Cleveland Harris was born on September 21, 1945 in Durham, North Carolina, and raised by his single mother, Shirley Sims, a domestic worker, who was 14 years old when he gave birth. His father was Cleaout Harris.
Cleveland, who became known as Chick at an early age, loved football and saw games at the Central University of North Carolina, a historic black school in Durham. Typically for that moment and place, he had no white friends and had to sit in the back of public buses.
So it was a novel experience when, on a scale in Chicago on a train trip to Long Beach, California, in 1957, when he was 12 years old, he sat in a restaurant with mostly White people.
“I arrive at the counter and Tok a place there,” he said in 2020 in an interview with Mrs. Mayes, his daughter, in Story Corps, the oral history project. “And they asked me what I wanted, and I told them I wanted fried chicken.”
They brought him fried chicken. Without problems, you don’t ask questions. It was a revelation.
After high school, Harris enrolled in the Long Beach Community College in California, where he played football as a receiver in 1963 and 1965. After moving to the University of Northern Arizona in Flagstaff, he played defensive and running in the seasons of 1967 and 1968. He graduated in 1970 with a degree in education.
It is his career as a coach as a postgraduate assistant for the football team in Northern Arizona. As of 1970, he went to attending training work at the State University of Colorado and what is now the State University of California, Long Beach; With the Detroit wheels of the World Football League of Live Live; And at the University of Washington.

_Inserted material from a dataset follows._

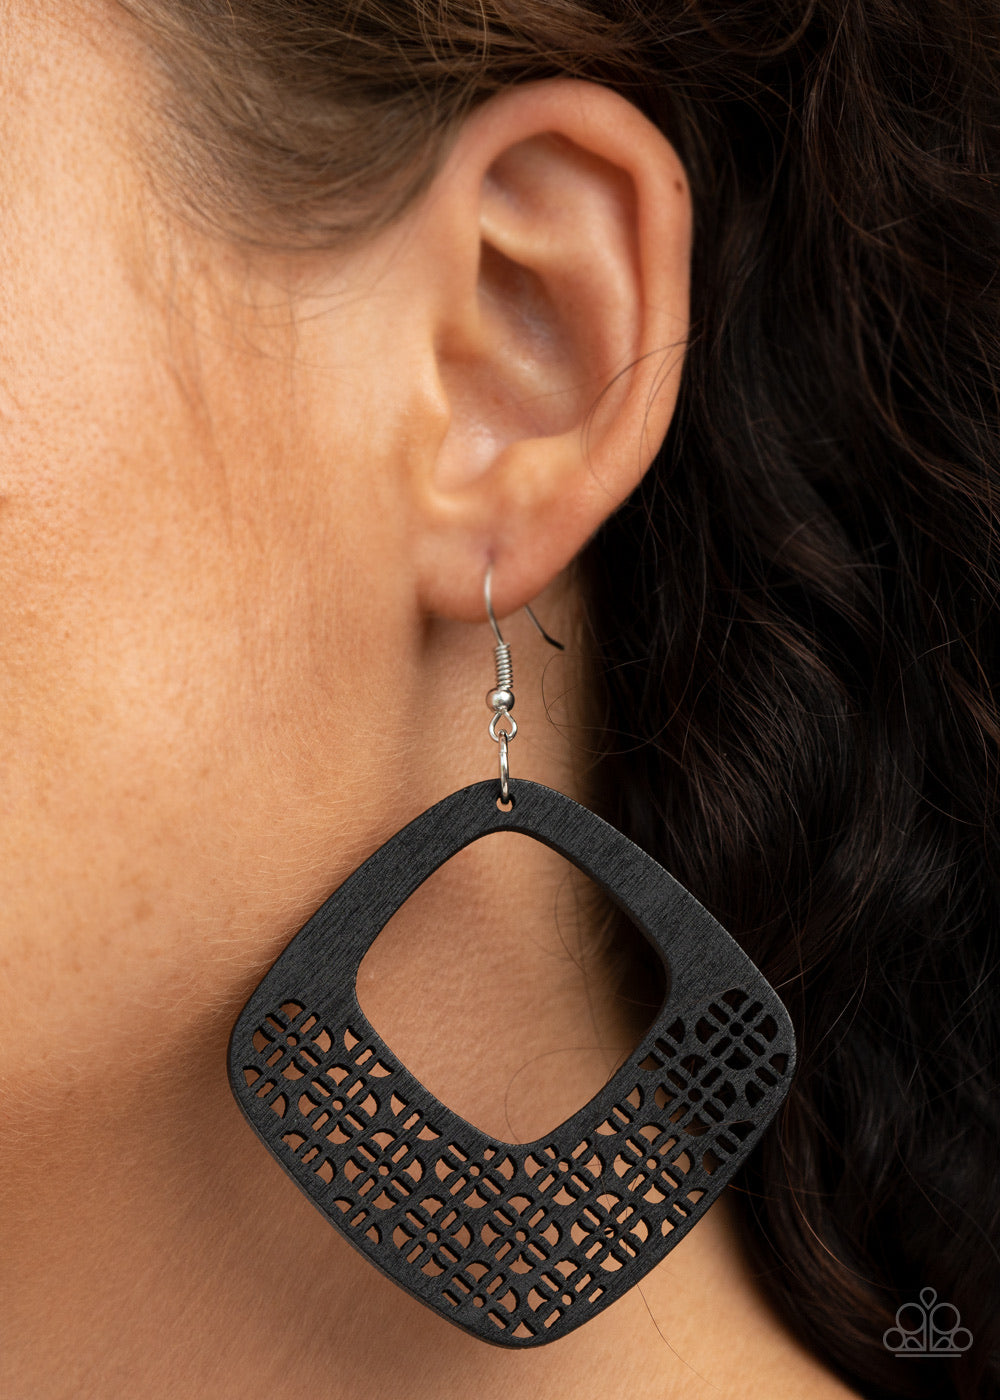 Paparazzi Jewelry Earrings WOOD You Rather - Black
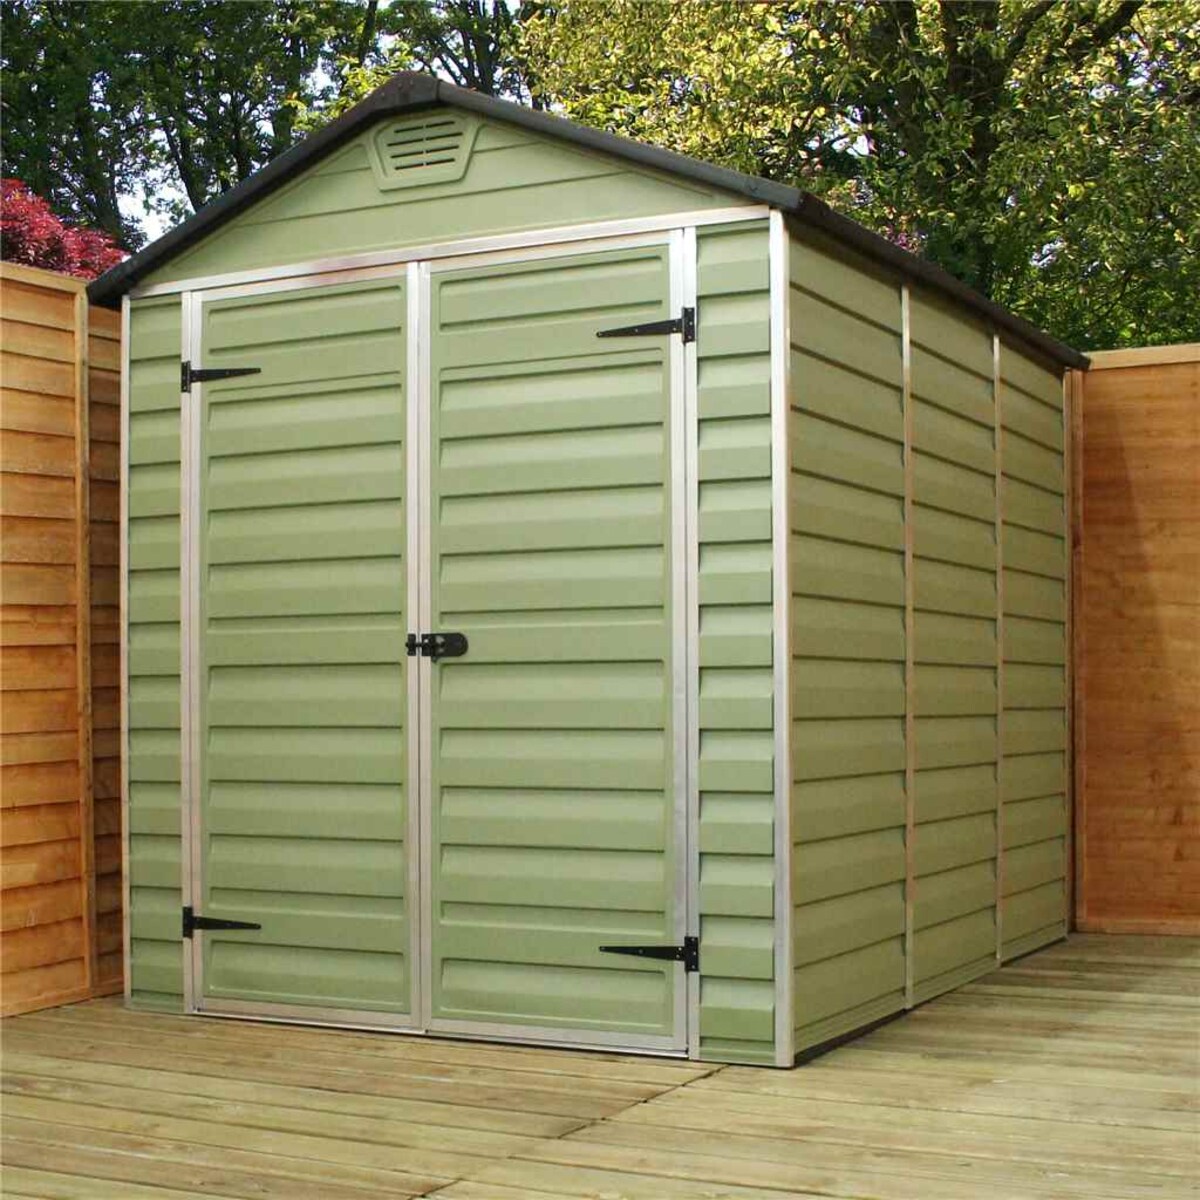 How To Put Together A Plastic Shed

Chuck Knox, then the chief coach of the Buffalo Bills, hired Harris as a setback coach in 1981. He stayed in Buffalo for two years, then moved with Knox first to the Seattle Seahawks in 1983 and then to the Rams, after two. coordinator.
“Chick Harris has done an outstanding job,” said Knox then. “Bring experience, dedication and the ability to motivate players.”
Harris was known for obtaining the best of the runners, including Curt Warner of the Seahawks, Jerome Bettis of the Rams and Arian Foster of the Houston Texans.
He left the Rams in 1995 for the Panthers, where Dom Capers was the chief coach, and then followed the Texans in 2002.
“No matter the situation, it was optimistic and had an infectious personality,” Capers said. “It could be hard and demanding, but players loved Chick.”
When the Texans hired a new chief coach in 2014, almost all attendees were dismissed and Harris retired. After that, he conducted clinics for high school and university players.
In addition to Mrs. Mayes, another daughter, Kara Harris, survive; Your son, Tyler; Four grandchildren; and three half of the sisters, Callista Cass and Robin and Cheri Womack. Their Mariations to Cheryl Avants and Karen Brown ended up in divorce.
In total, Harris trained at the NFL for 33 years. In a moment, Mayes said, his goals were unlimited. In 1987, he spoke a speech in Seattle about his dream of becoming a chief coach.
When that did not happen, Mayes said, he focused on being the best assistant coach who knew how to be. And after being appointed offensive coordinator of the Rams, he added: “I am not sure that the aspirations remained.”
“Dad was always more concerned about the concept of the team and his players,” he said. “Returning to the runner coach allowed him to serve his teams and his players.”